In Chicago, our audiences have not been trained to look for drama, whether of the tragic or comic variety. Theater abounds. “Melodrama” gets a hand. Puppetry, physical hijinks or acrobatics, scenic effects, grandiose sets, British or Irish or on rare occasion African accents, Gospel-style singing only shy of Aretha Franklin—all these grace the Chicago stage with ubiquity (to name a few).
Such high-class and often masterful techniques subsume themselves under “telling a story” which has become the playwright’s goal instead of drama per se. Given the fallback on modern classics such as Henry Miller or the occasional throwback (Shakespeare) drama is not entirely absent, but directors in the main seem flummoxed at what to do with it. When in doubt settle for the gargantuan doorframe which, as powered by hydraulics, converts into a runway.
Ibsen is the rare exception of a playwright who handles ideas well. But drama means action. Too often, as with a recent “comedy” I saw, we have two (or it could be several) characters who move about on the stage each talking about their individual past trauma, occasionally throwing a box or something. Plenty of story, usually sans resolution, other than “90 minutes being up here we stop.”
Which sounds like a bleak picture I’m painting, but the reality is not so. Drama seems to be that magical elixir that rarely gets uncorked.

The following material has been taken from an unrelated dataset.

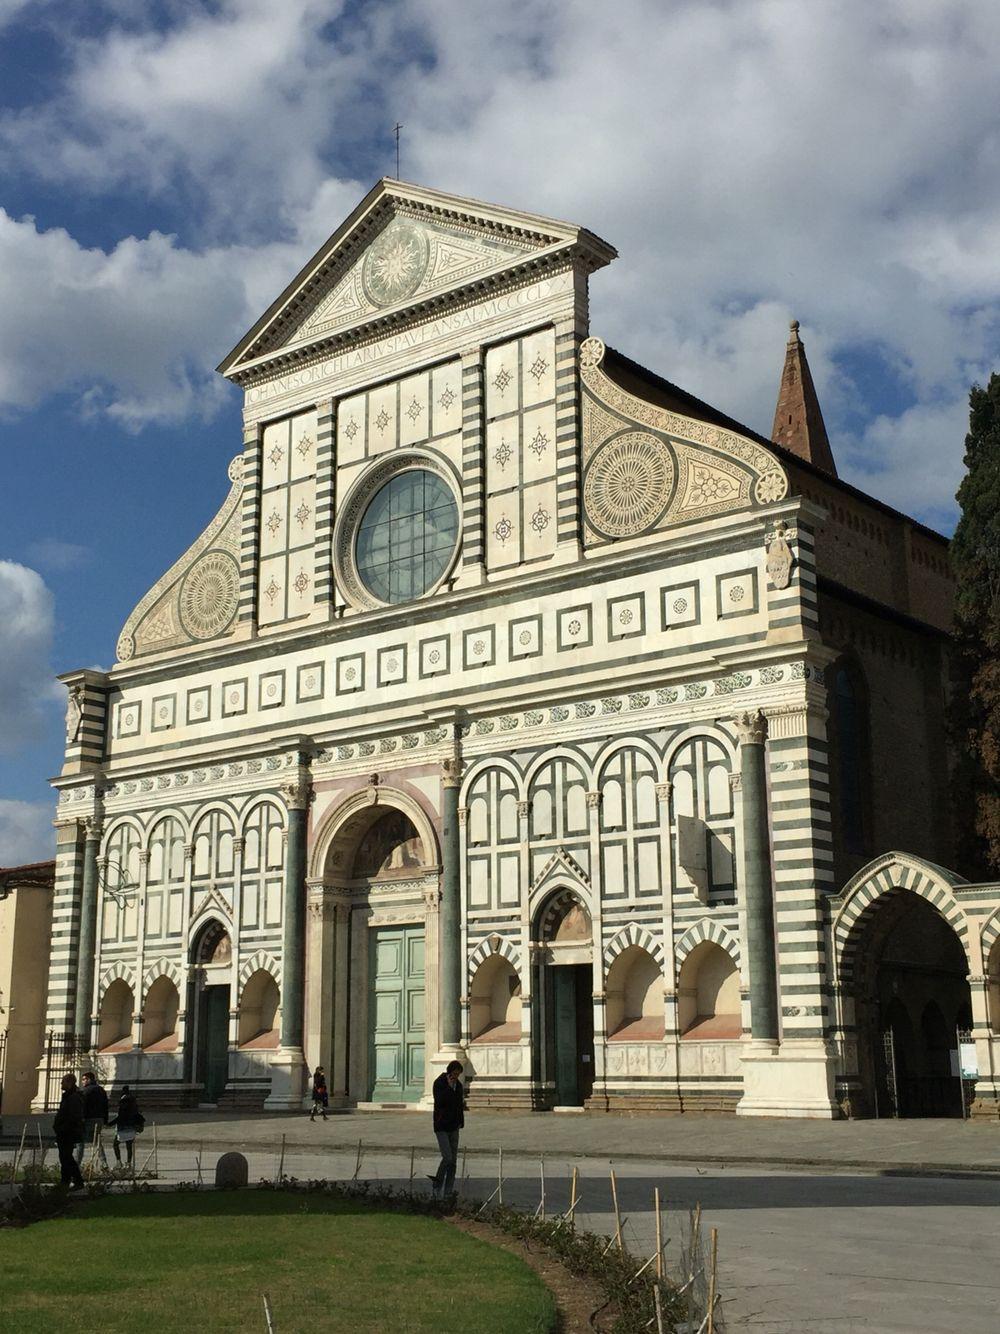 Igreja de Santa Maria Novella, Florença, Itália. (março/2016).

At least there’s a lot of drinking going on. We’re not quite sure what’s in all the bottles, but mean to get through them.

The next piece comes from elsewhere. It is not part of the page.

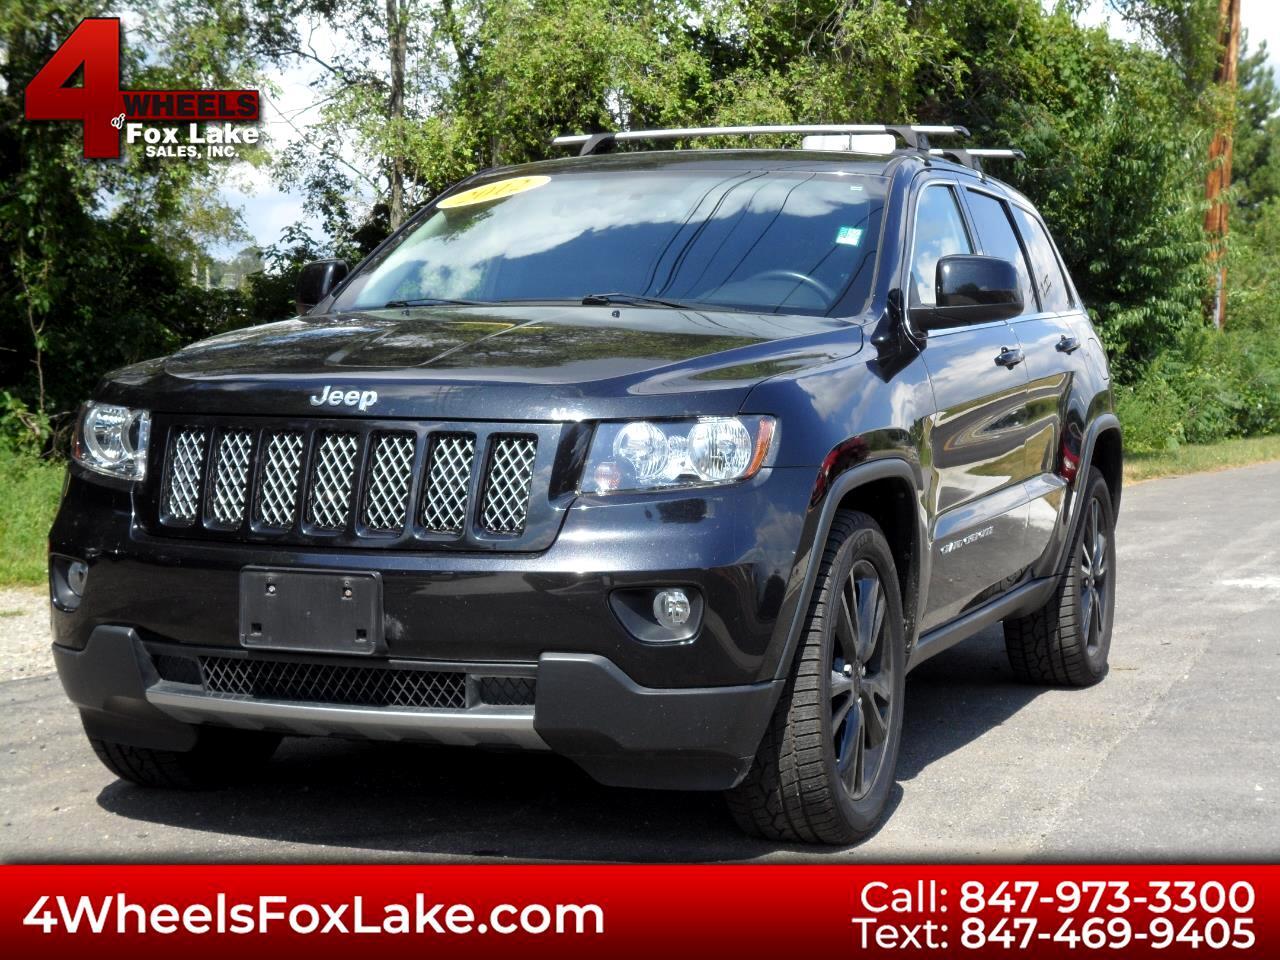 2012 Jeep Grand Cherokee High Altitude 4x4

This review makes an incisive takedown of a play that I will never see, clearly pointing to flaws that might be generalized, ergo learned from. I wish we could do better. But the two-hander I mention got the standing ovation (brilliant acting camouflaging a worse-than-pedestrian script) whereas a no less brilliantly-acted Agamemnon left its audience cold, per all outward appearances.
Hi David – thanks for your comment! I’m all for variousness in performance and theatrical form: there are many ways of making meaning. And “action” too is many things – it’s not merely event. For my part, I want plays, however they play with form, to be doing something more with language than mere explanation, which I can get in any mediocre op ed. I expect writing to be conscious, although of course I know the subconscious is a huge part of creative work. But that’s complicated! Eg, I think this is a conscious text, however disingenuous I found it. And of course all these questions become more complex in a collaborative artform like theatre.

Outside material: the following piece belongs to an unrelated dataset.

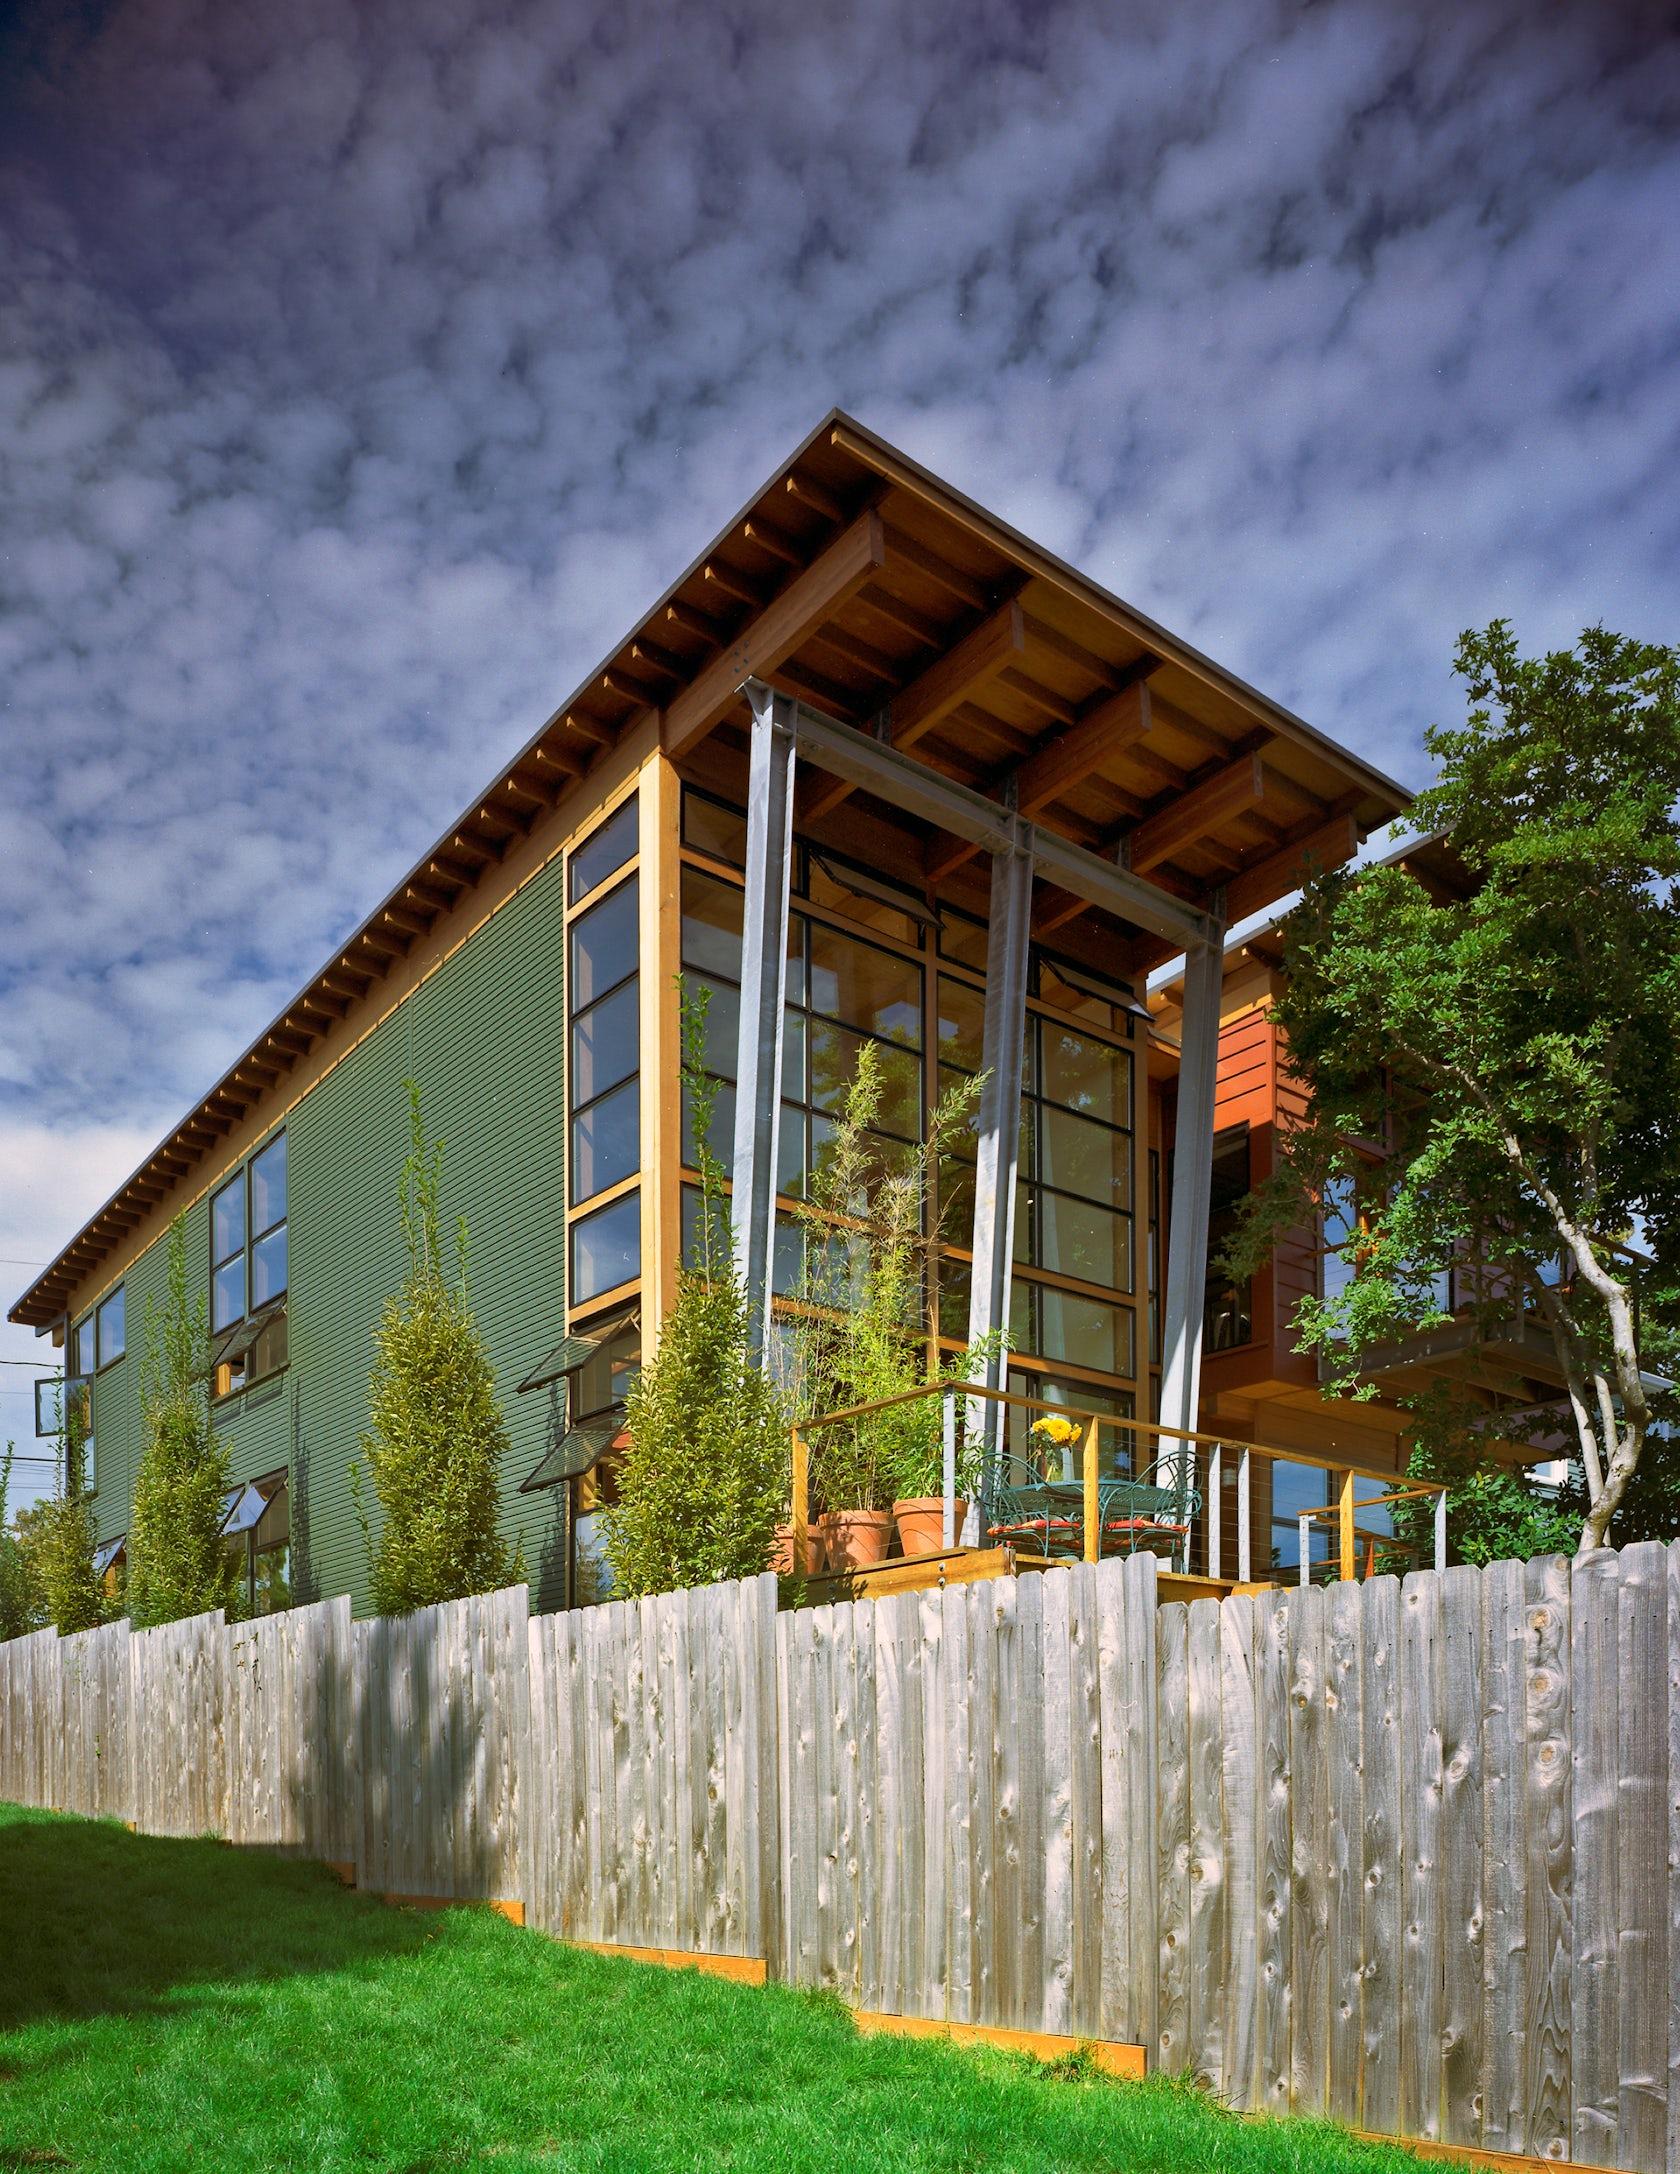 scott edwards architecture architizer. Black Bedroom Furniture Sets. Home Design Ideas

Coincidentally, I saw two dance pieces last week, and maybe said it better in that review: “One of the tasks of the playwright (or, indeed, any kind of creative writer) is to reinvest language with its density, to give meaning and vitality to the words that we casually use and abuse every day. The knockabout usages of language often work subliminally, so language becomes a miasma of ghostly resonances that channel meaning below conscious thought. A lot of political speech, for example, relies on language being half-dead.”
Well said. Yeah, I don’t oppose at all “variousness in performance” (even faux British accents don’t bother me much). But I like the “dramatic thread” (or arc if you will) even more than I care for wordplay. Disingenuousness is another matter, but that’s harder to pinpoint. (Here in the US we’re told that “truth isn’t truth” if you can fathom that.)
Great review.
I saw half of this play here in Boston walking out as I rather have had nails hammered imto me then watch this painfully horribly written and acted play.
Waiting at a local resteraunt for my friends others that had attended the play arrived before them.
All together 23 of us discussed this play at the bar with the consensus was 100% that we all wasted our time and money attending this horrendous play.
No I did not apply nails to my person, but that would have been less painful then attending the play.
This show is about to open at Steppenwolf. Thanks to this review I turned down tickets, and I’m glad to have this Bostonian confirmation that I’ve done the right thing.